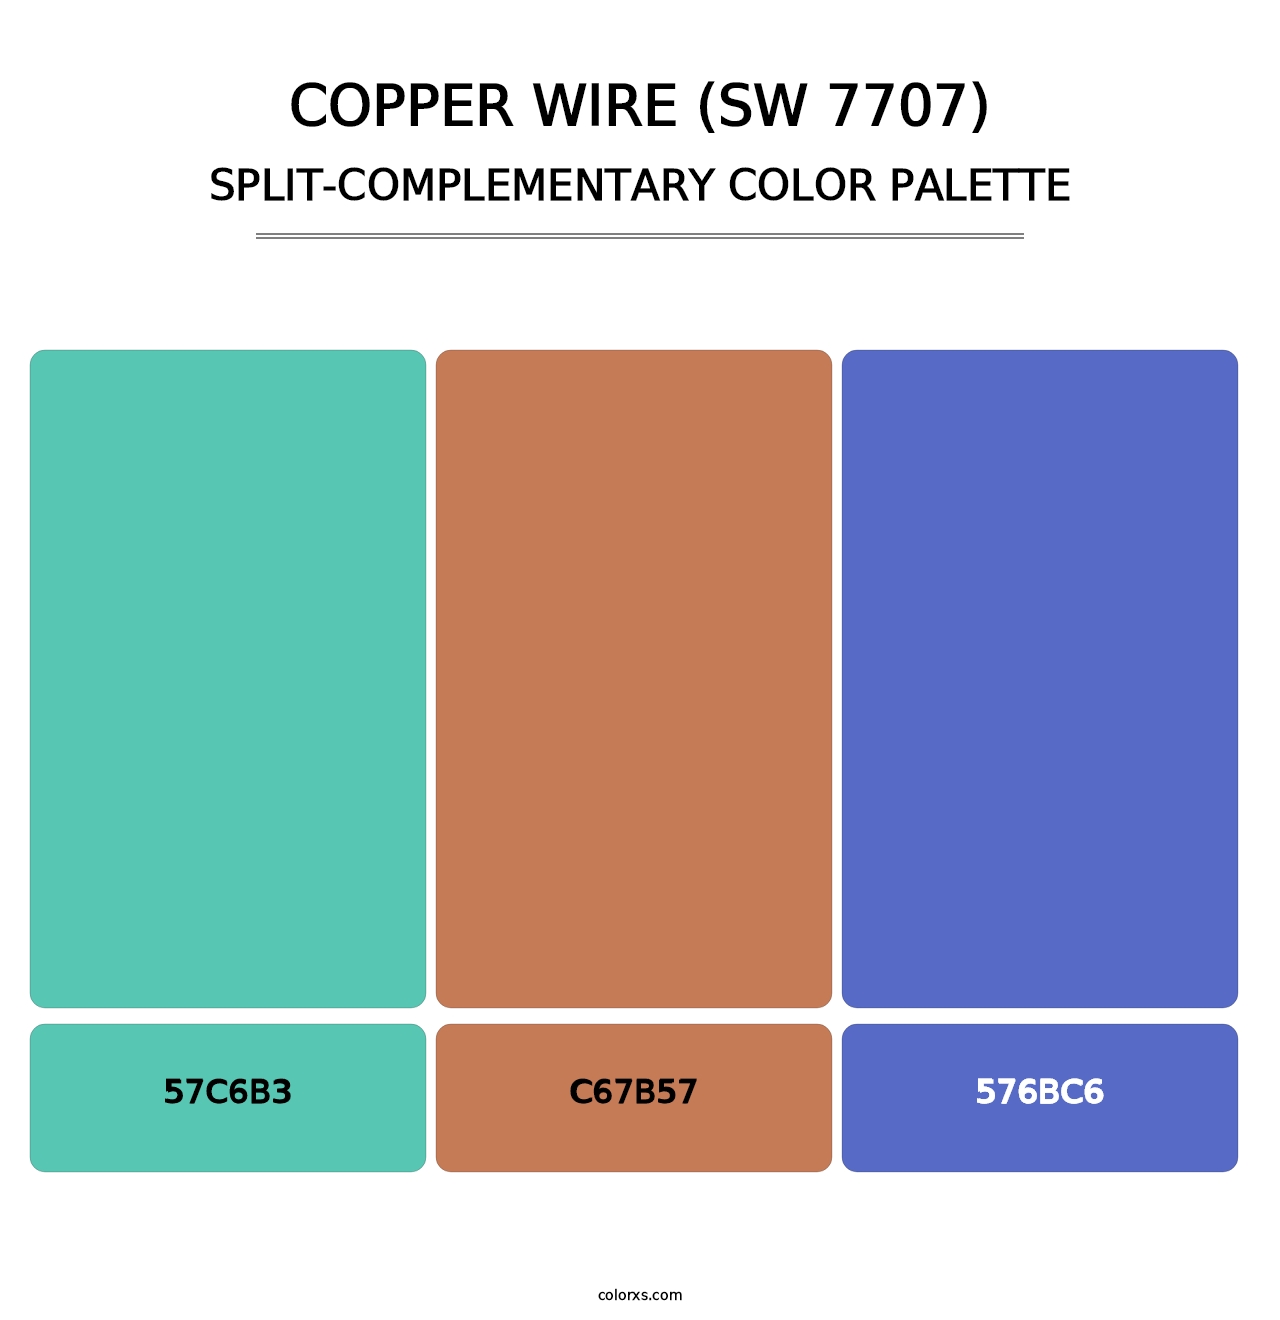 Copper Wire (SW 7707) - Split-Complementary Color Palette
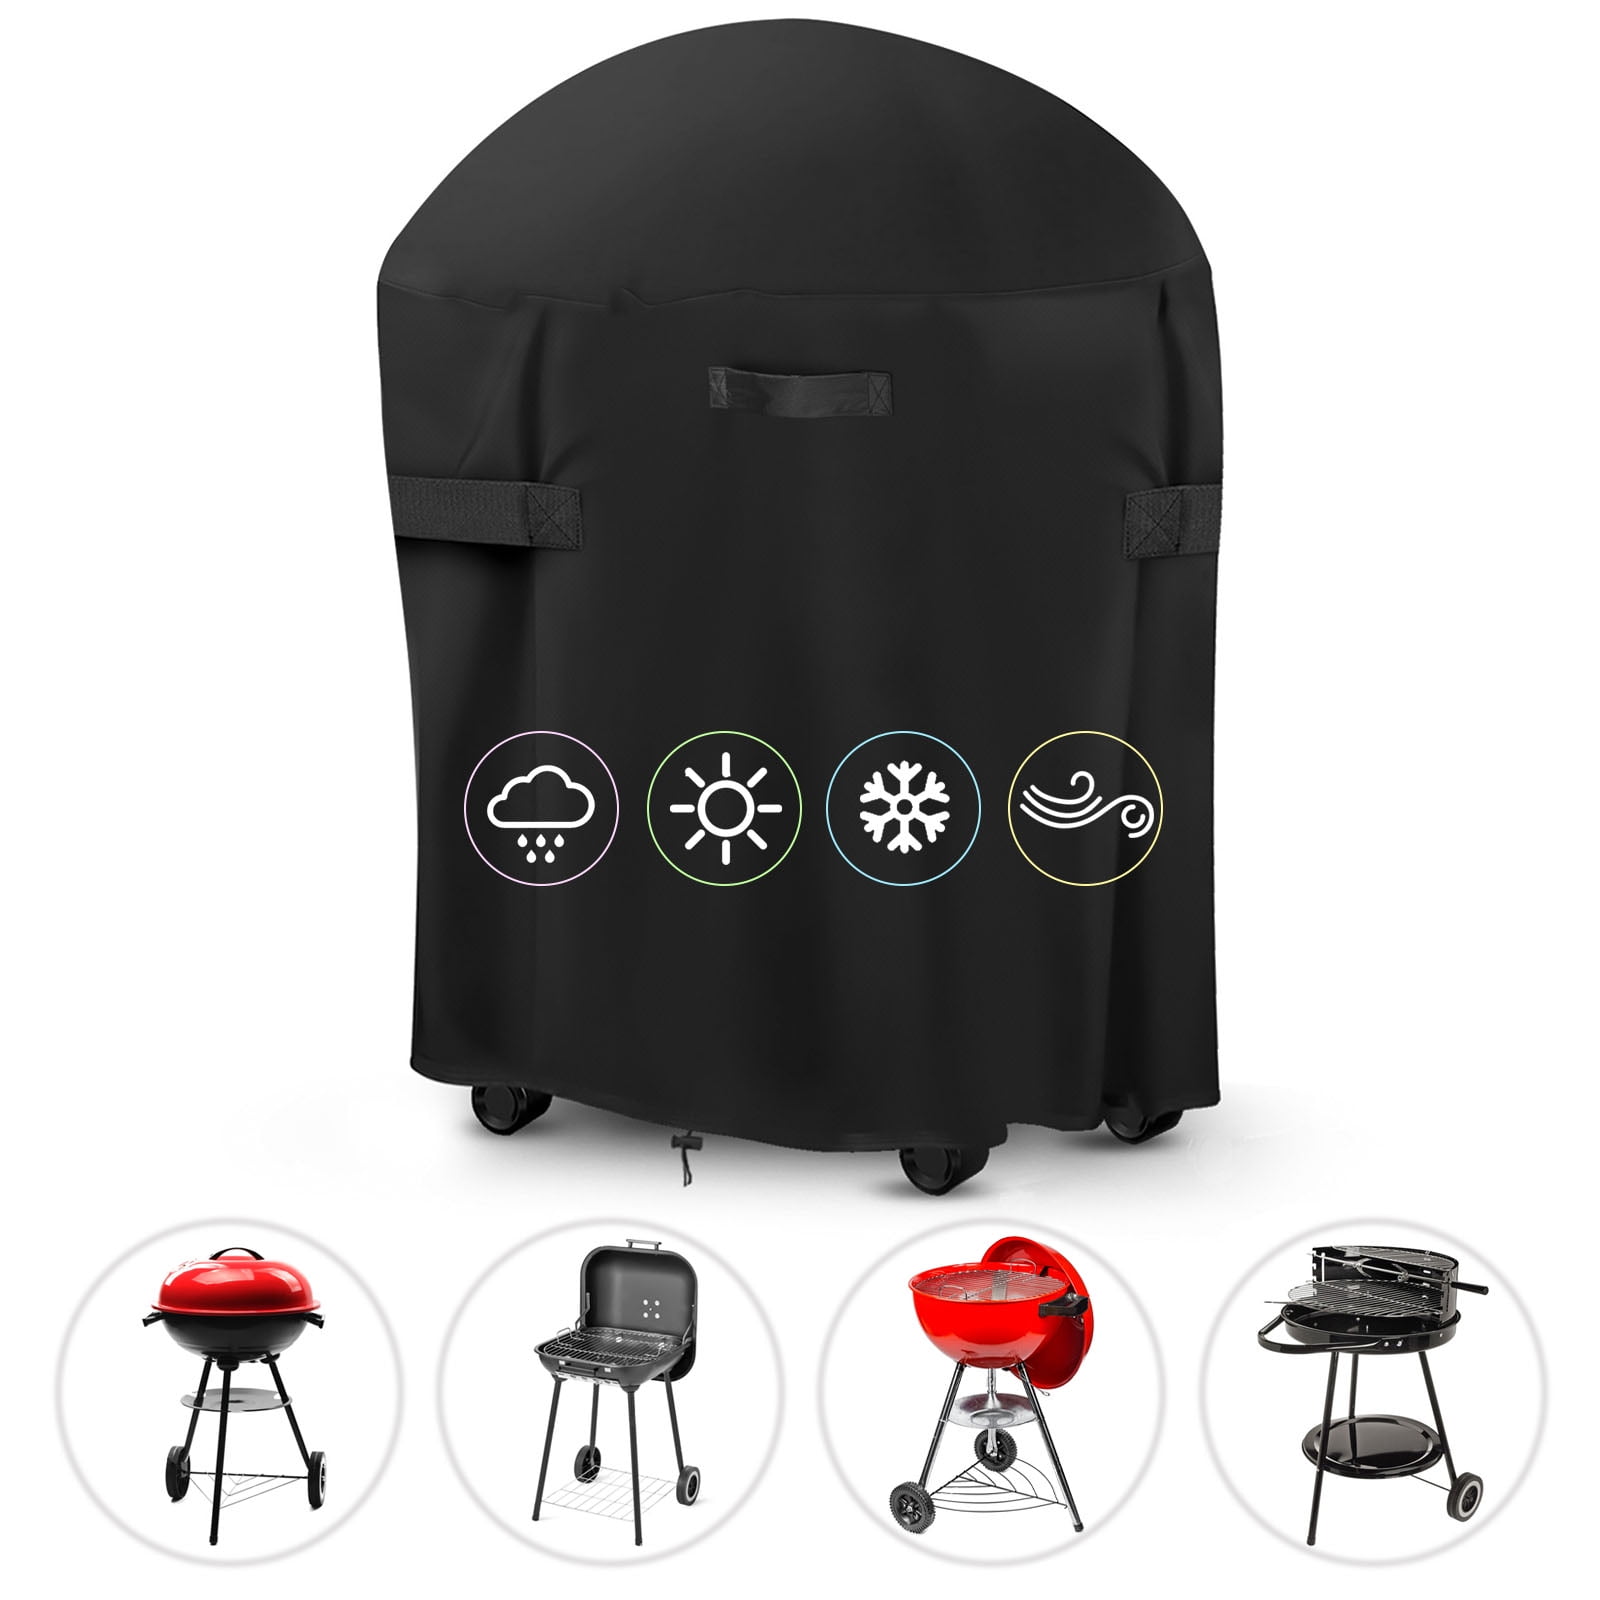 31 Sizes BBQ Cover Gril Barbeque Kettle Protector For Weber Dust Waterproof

------------------------

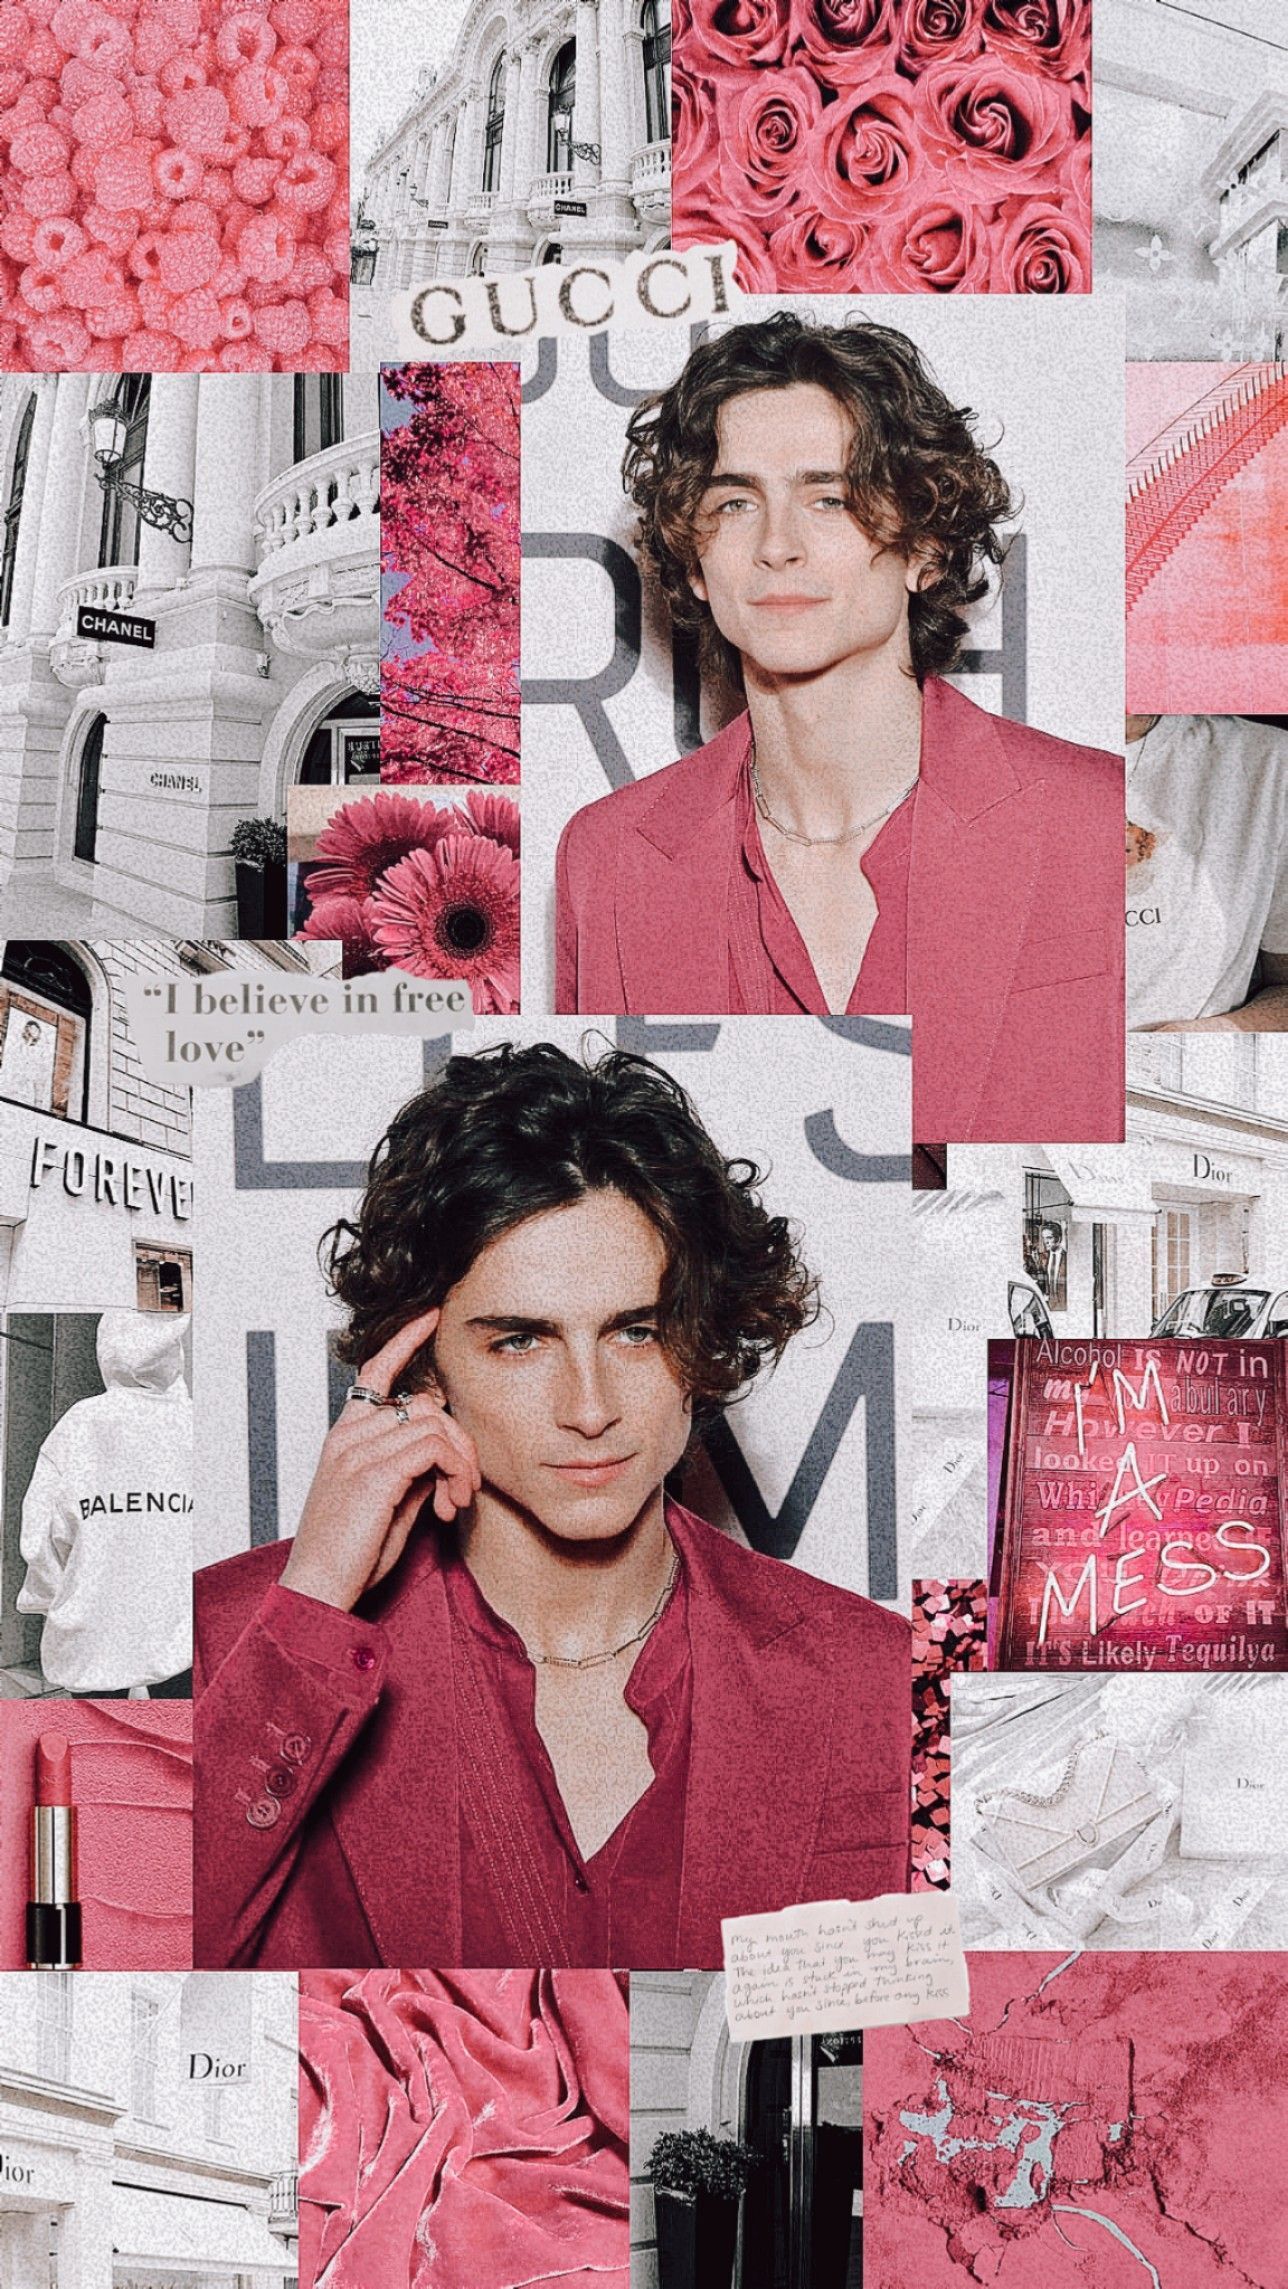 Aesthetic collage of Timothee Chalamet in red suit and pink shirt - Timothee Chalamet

------------------------

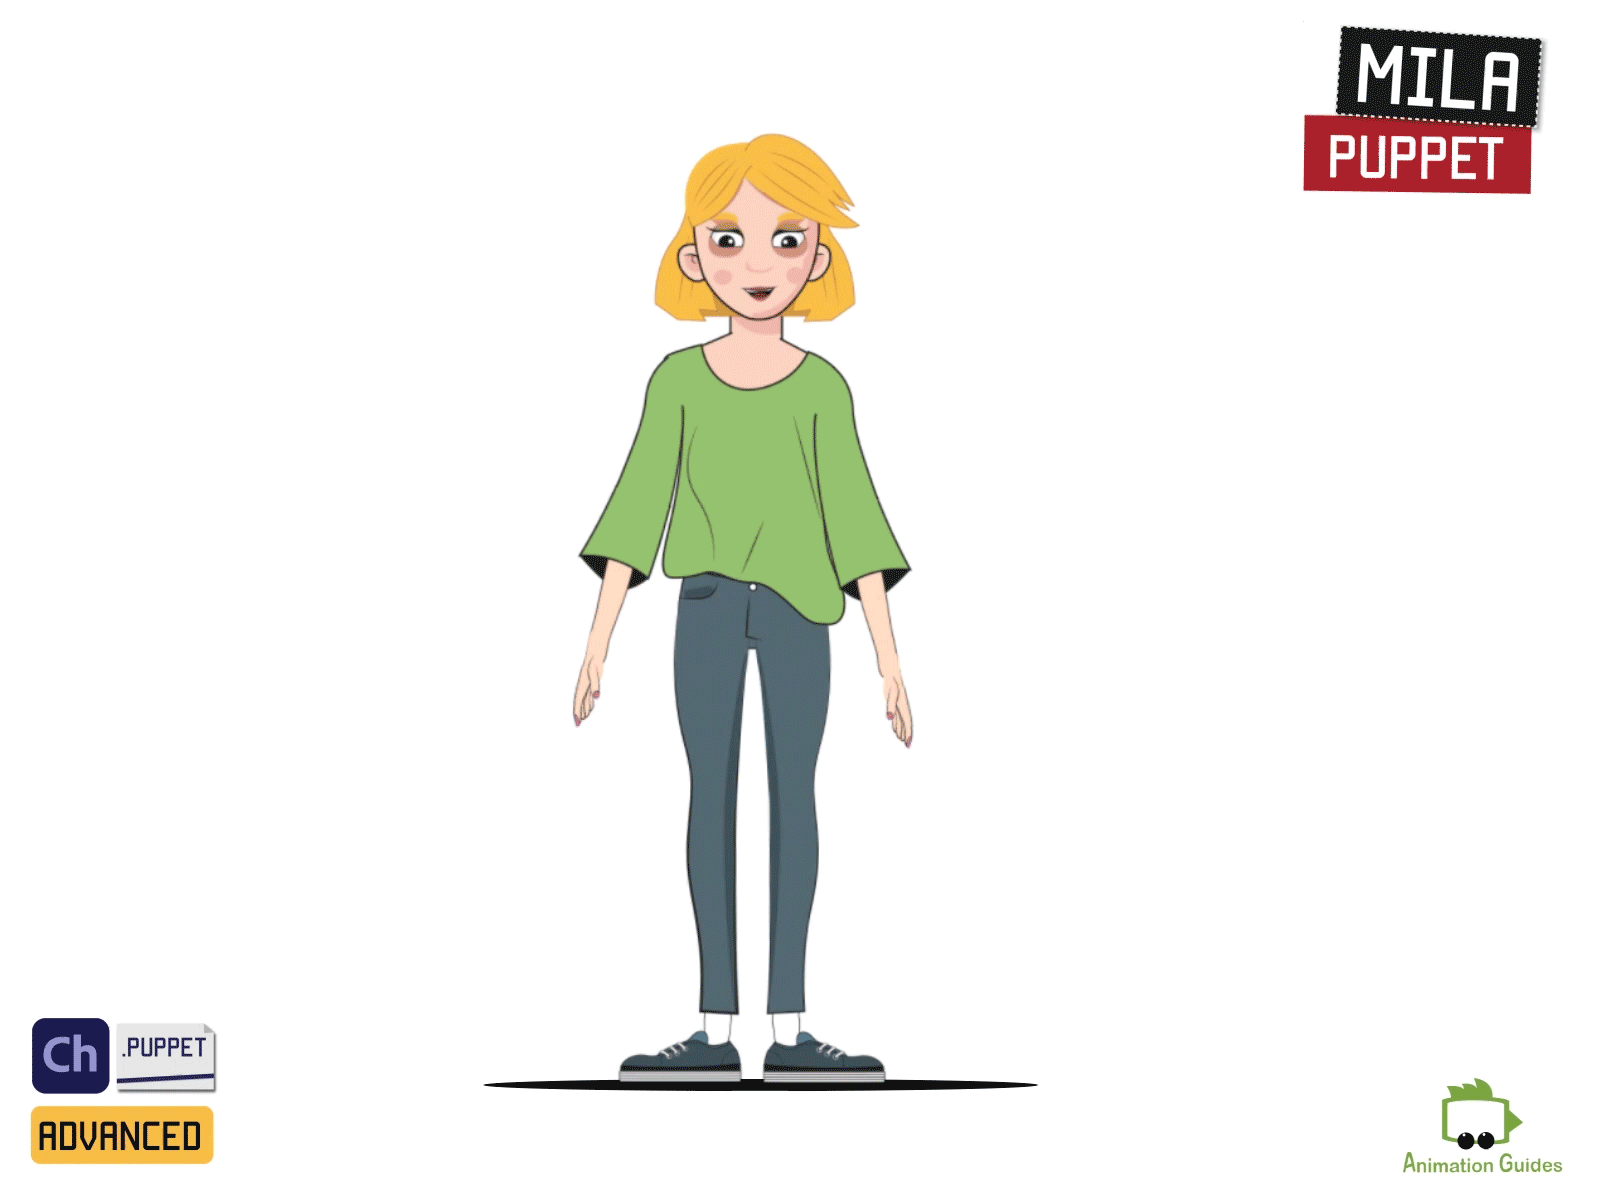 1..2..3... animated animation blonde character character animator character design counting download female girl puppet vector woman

------------------------

TASK DETAILS
Since the pictures are not part of the copy, please transcribe only the lines above from the one with "Copper Wire (SW" through the one with "31 Sizes BBQ", exactly and with both ends.

EXPECTED ANSWER
 Copper Wire (SW 7707) - Split-Complementary Color Palette
 31 Sizes BBQ Cover Gril Barbeque Kettle Protector For Weber Dust Waterproof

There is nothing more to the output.